The hantavirus outbreak has been well-handled – but there are still dangerous days ahead | Devi Sridhar

Hantavirus: the disease you wish you’d never heard about, as visions of the Covid pandemic race through your head. I’ve seen a lot of jaw-dropping reports and bizarre takes on social media, so I imagine a lot of people are confused as to what’s going on.
Let me start by saying that this is not about the Covid pandemic – only Covid was Covid. Previous hantavirus outbreaks have been contained (although none occurred on a cruise ship). So, for now, the risk to the general public is low – my colleagues and I are continuing our activities as normal and monitoring if any new infections arise outside of the original cruise ship group. These new infections would be a key milestone determining whether we see further spread and higher-risk public health alerts – or whether we are at the end of this epidemic.
The first thing to know is that cases of hantavirus occur regularly all over the world. You just don’t hear about it. In fact, you probably haven’t heard about the 2018 Andean-strain hantavirus outbreak in Argentina, with 34 confirmed cases and 11 deaths.
Part of what makes the current outbreak unique — and newsworthy — is that it’s on a cruise ship with about 150 people of 23 nationalities. Cruise ships are notorious for making outbreaks difficult to control, given the close living conditions, frequent stopovers at various ports, the nature of passengers traveling around the world, and the difficulty of managing a public health response on board the ship once a virus is detected.
Do you keep everyone on the ship, lest other people become infected and sick? Or do you take people off the ship and risk it spreading to each of their countries of origin? In this case, a number of passengers disembarked before the outbreak was detected and took commercial flights home, meaning there is already wider potential exposure to the virus. We will only know for sure in the coming weeks.
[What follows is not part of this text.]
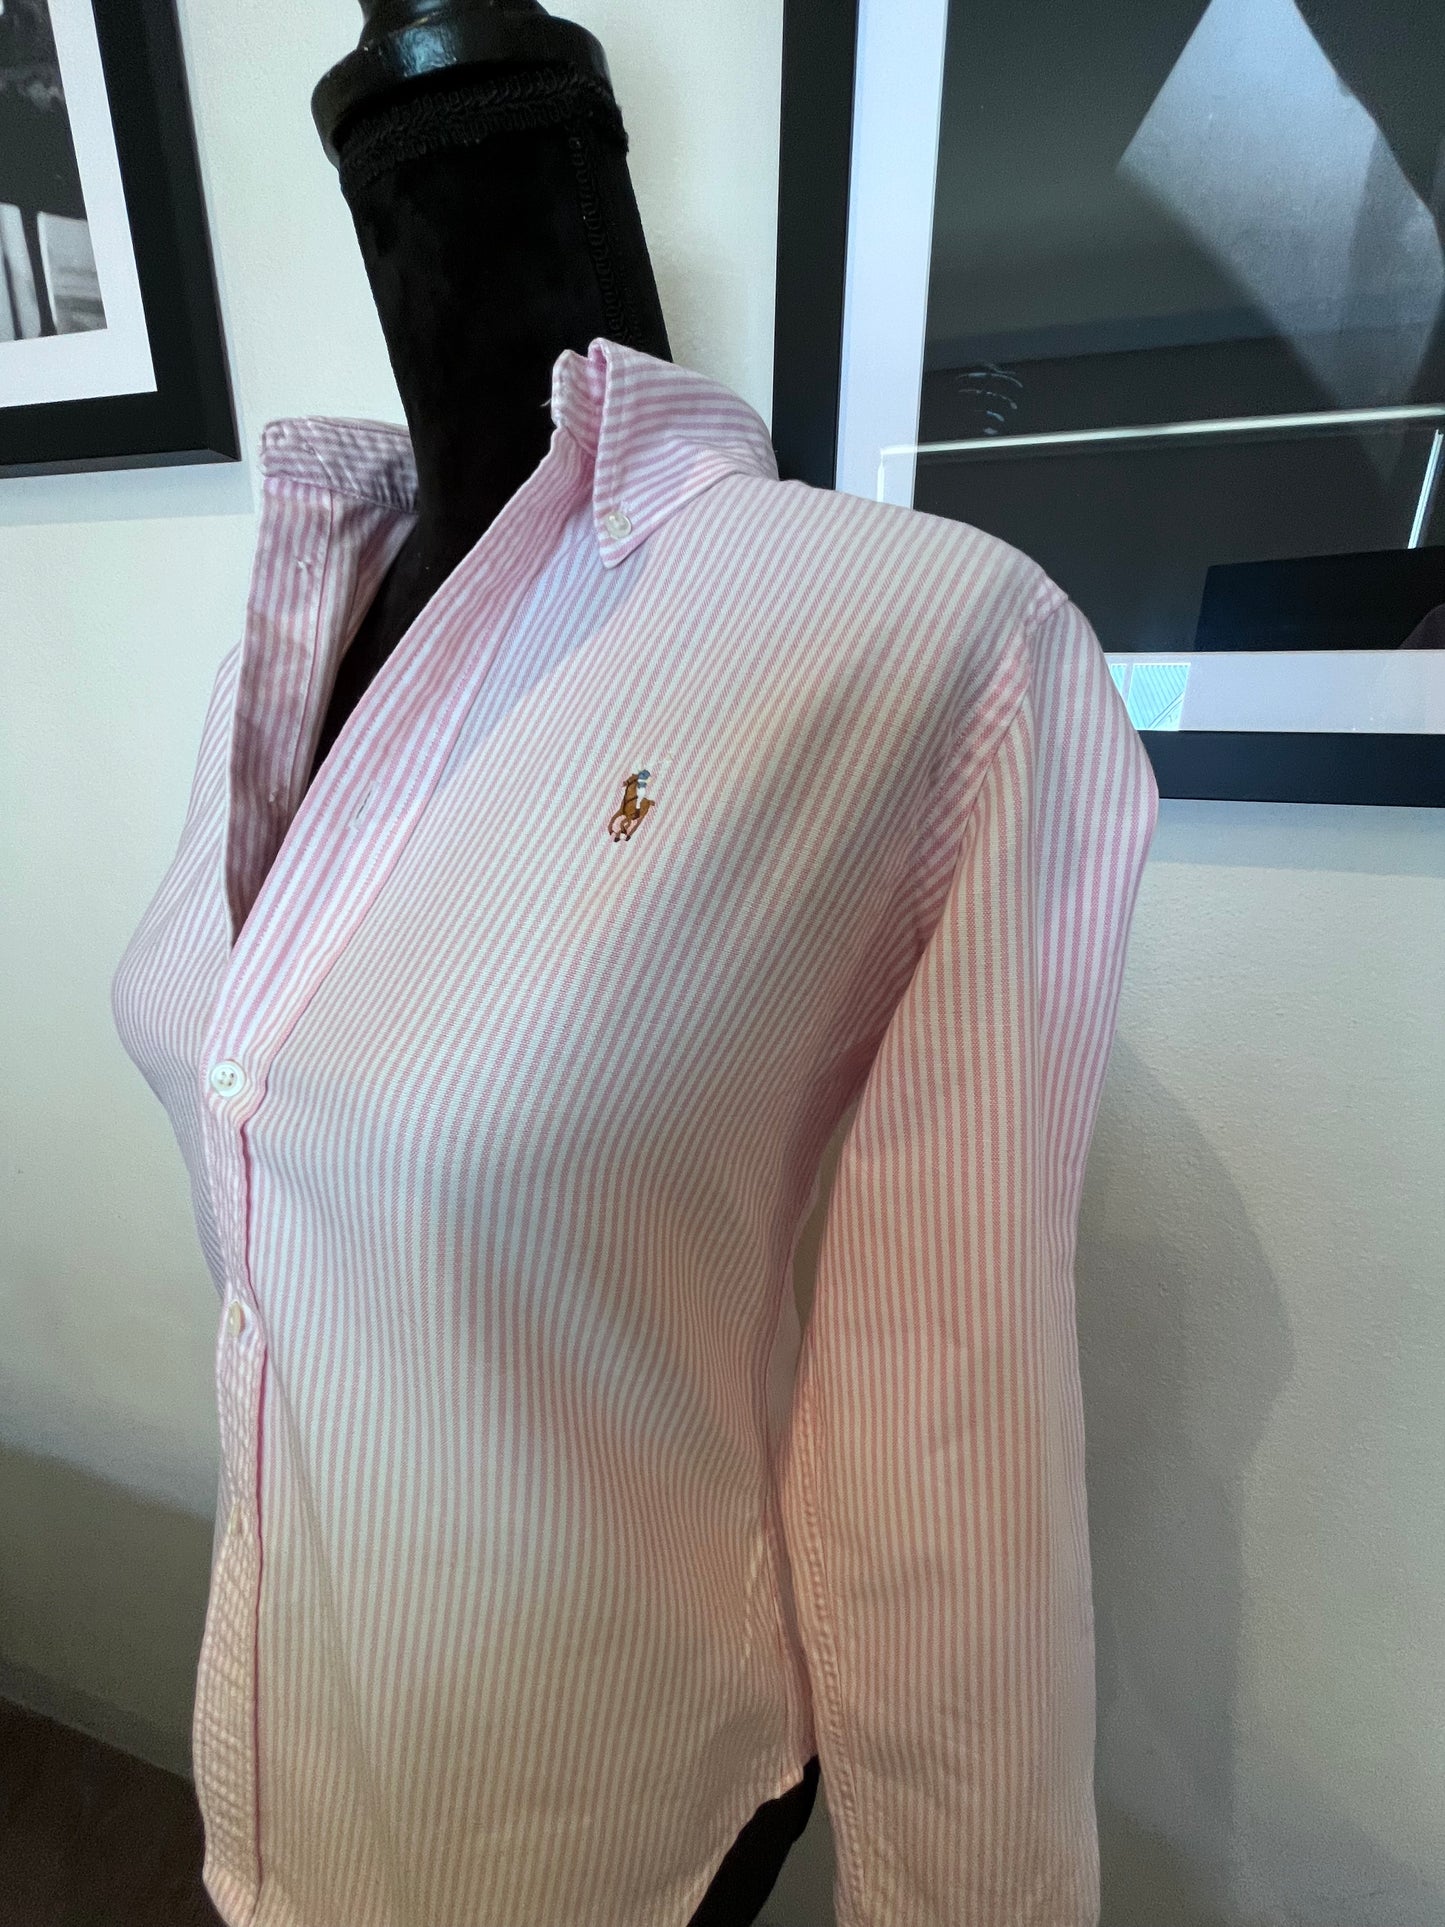 Ralph Lauren Women’s 100% Cotton Pink White Stripe Shirt Slim Fit Size 8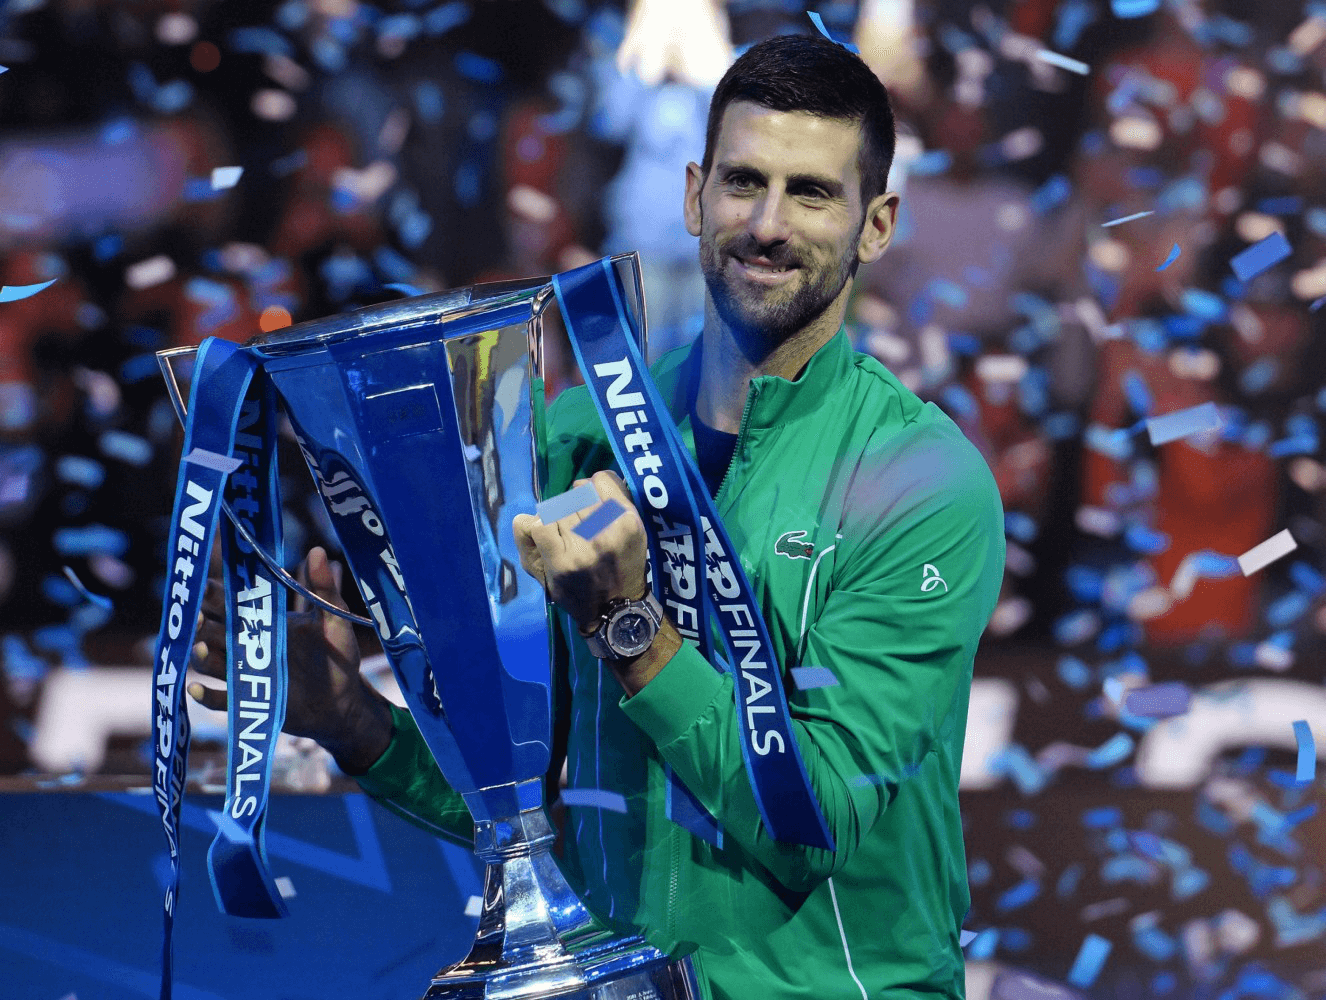 Novak Djokovic raising the trophy

When hantavirus was first mentioned, public health experts hoped it was a strain other than the Andean strain, which can be transmitted from human to human and has already caused superspreading events. Add to that the fact that it has an incubation period of one to eight weeks, meaning just because someone tests negative today doesn’t mean they aren’t infected. They could still become symptomatic and contagious later.
We also do not have an approved vaccine, specific therapeutic test, or rapid diagnostic test that could be deployed against this strain. This means having to rely on the traditional public health measures of isolation and quarantine, N95 masks, and stopping chains of infection.
We’ll know how many other people were infected on the cruise ship in a few days, so expect more positive cases. We will also know within a few weeks whether secondary contacts on flights and elsewhere were infected by passengers who disembarked before the outbreak was identified. None have been identified so far, which is good news. But it’s also the beginning.
And it is imperative that those returning to their home countries have logistical, medical and emotional support to quarantine for the full WHO-recommended 42 days and not infect close contacts, such as family and friends, that they may want to see. Given the long incubation period, this could mean cases appearing in one to two months and more infection chains closing. We are also in a unique situation where we rely on 23 different governments to successfully manage the return of their nationals.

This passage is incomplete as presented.